> [EXERCISE DATA]:
____
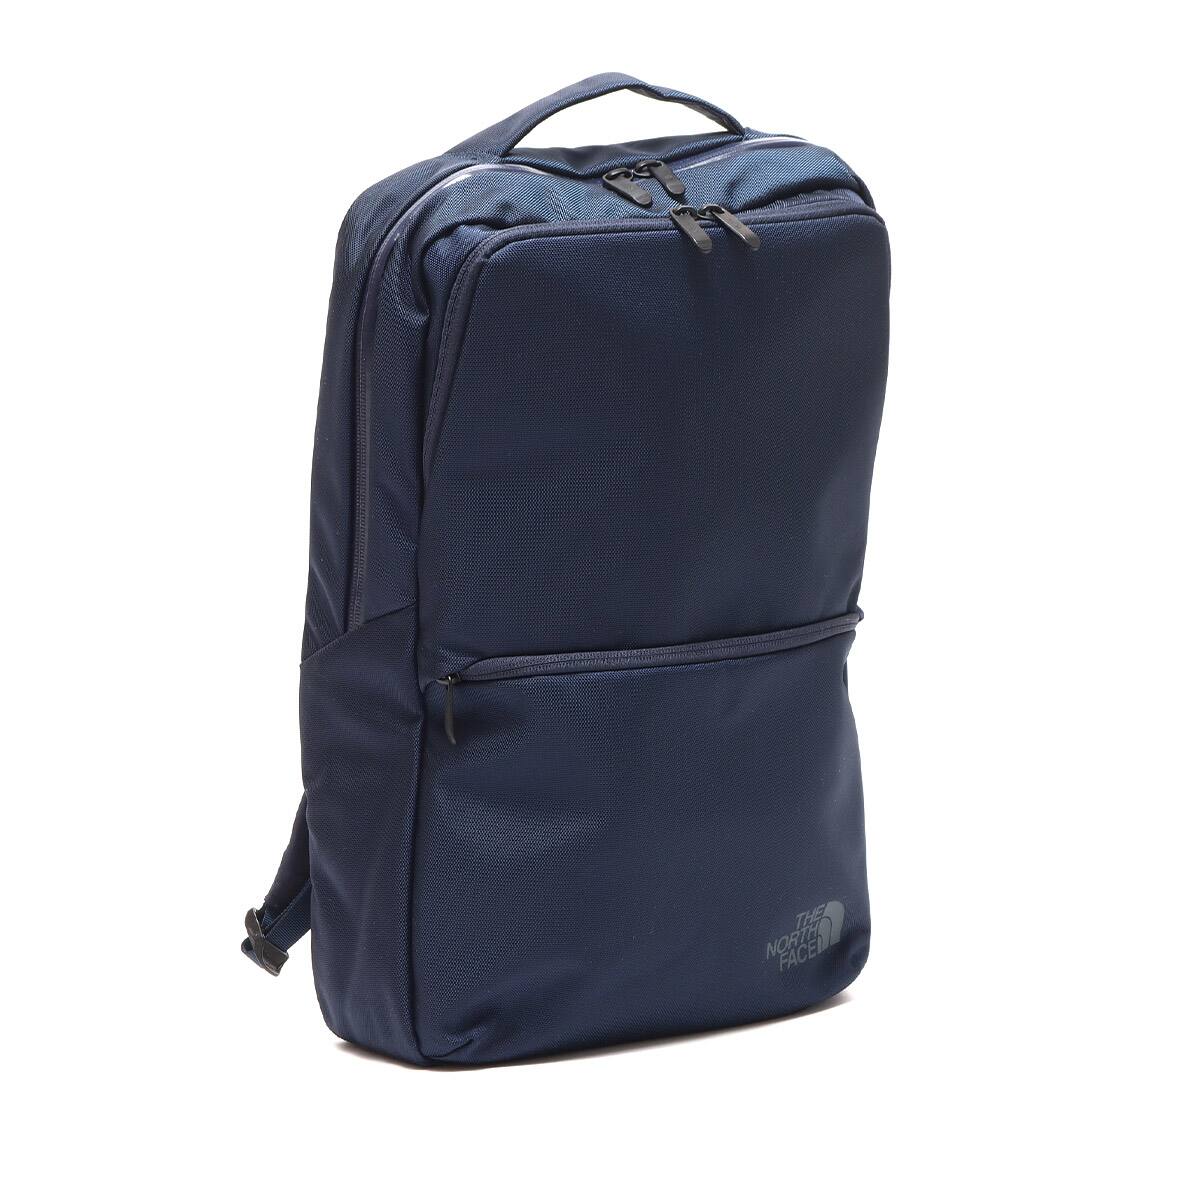 THE NORTH FACE SHUTTLE DAYPACK SLIM アーバンネイビー 23SS-I
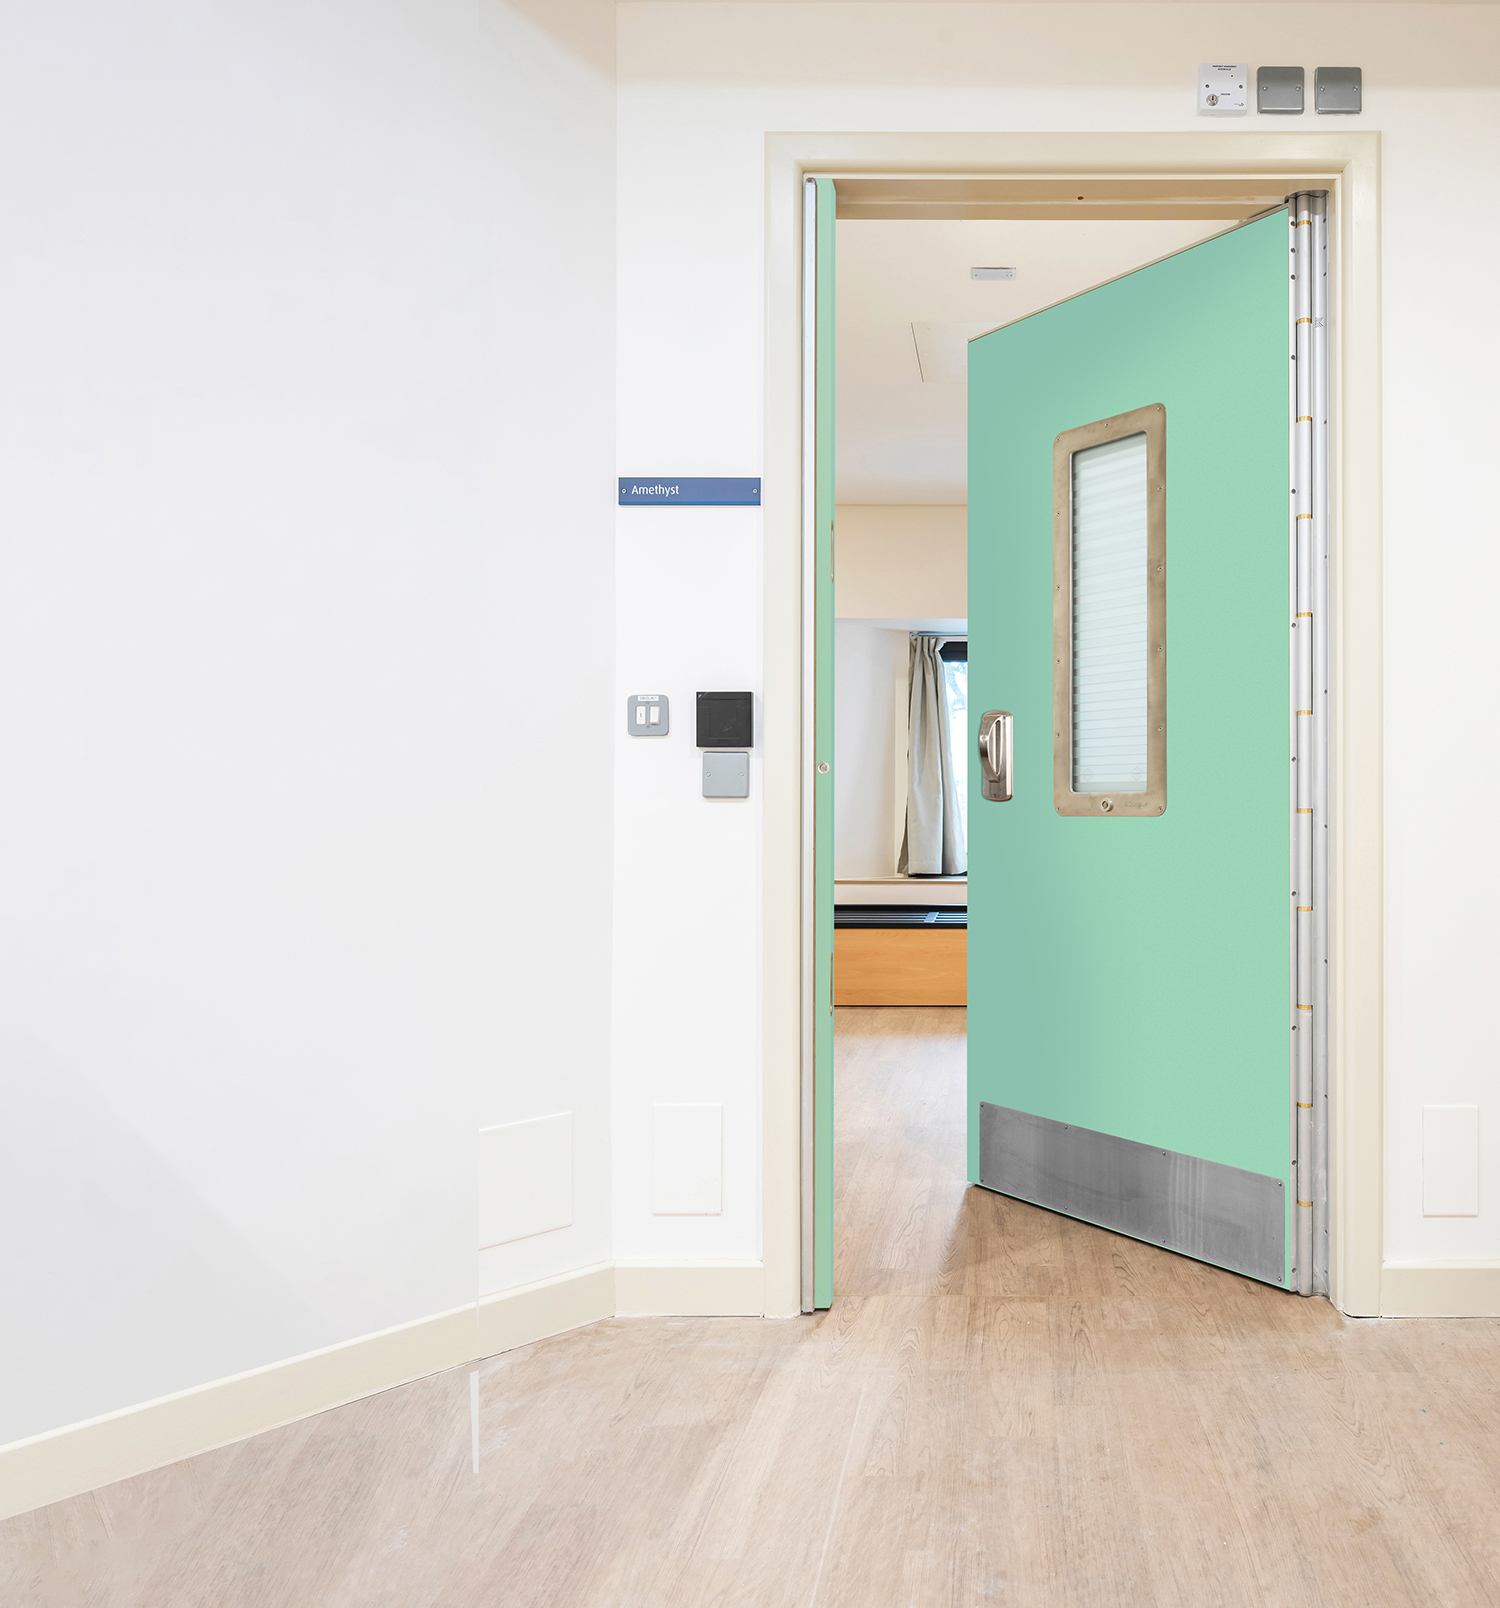 Ligature-Resistant Door Systems Category Image
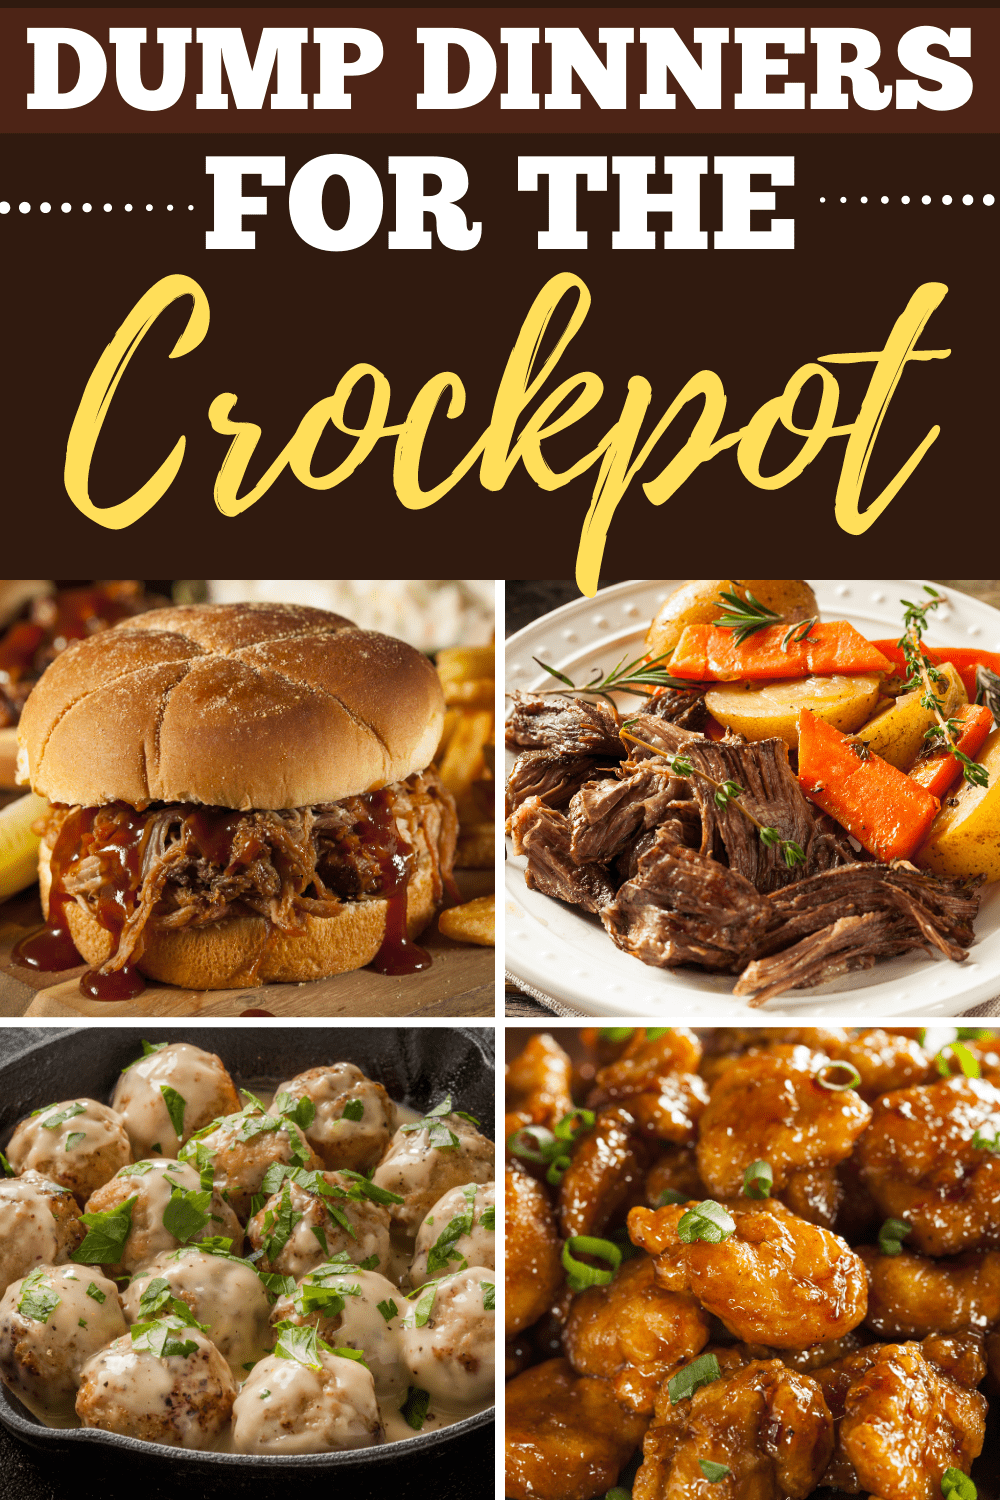 https://insanelygoodrecipes.com/wp-content/uploads/2021/03/Dump_Dinners_For_The_Crockpot.png
____
> [BRIEF]: Set down the complete material exactly, but do not include the images.

> [RESPONSE AREA]:
 THE NORTH FACE SHUTTLE DAYPACK SLIM アーバンネイビー 23SS-I
 Ligature-Resistant Door Systems Category Image
 https://insanelygoodrecipes.com/wp-content/uploads/2021/03/Dump_Dinners_For_The_Crockpot.png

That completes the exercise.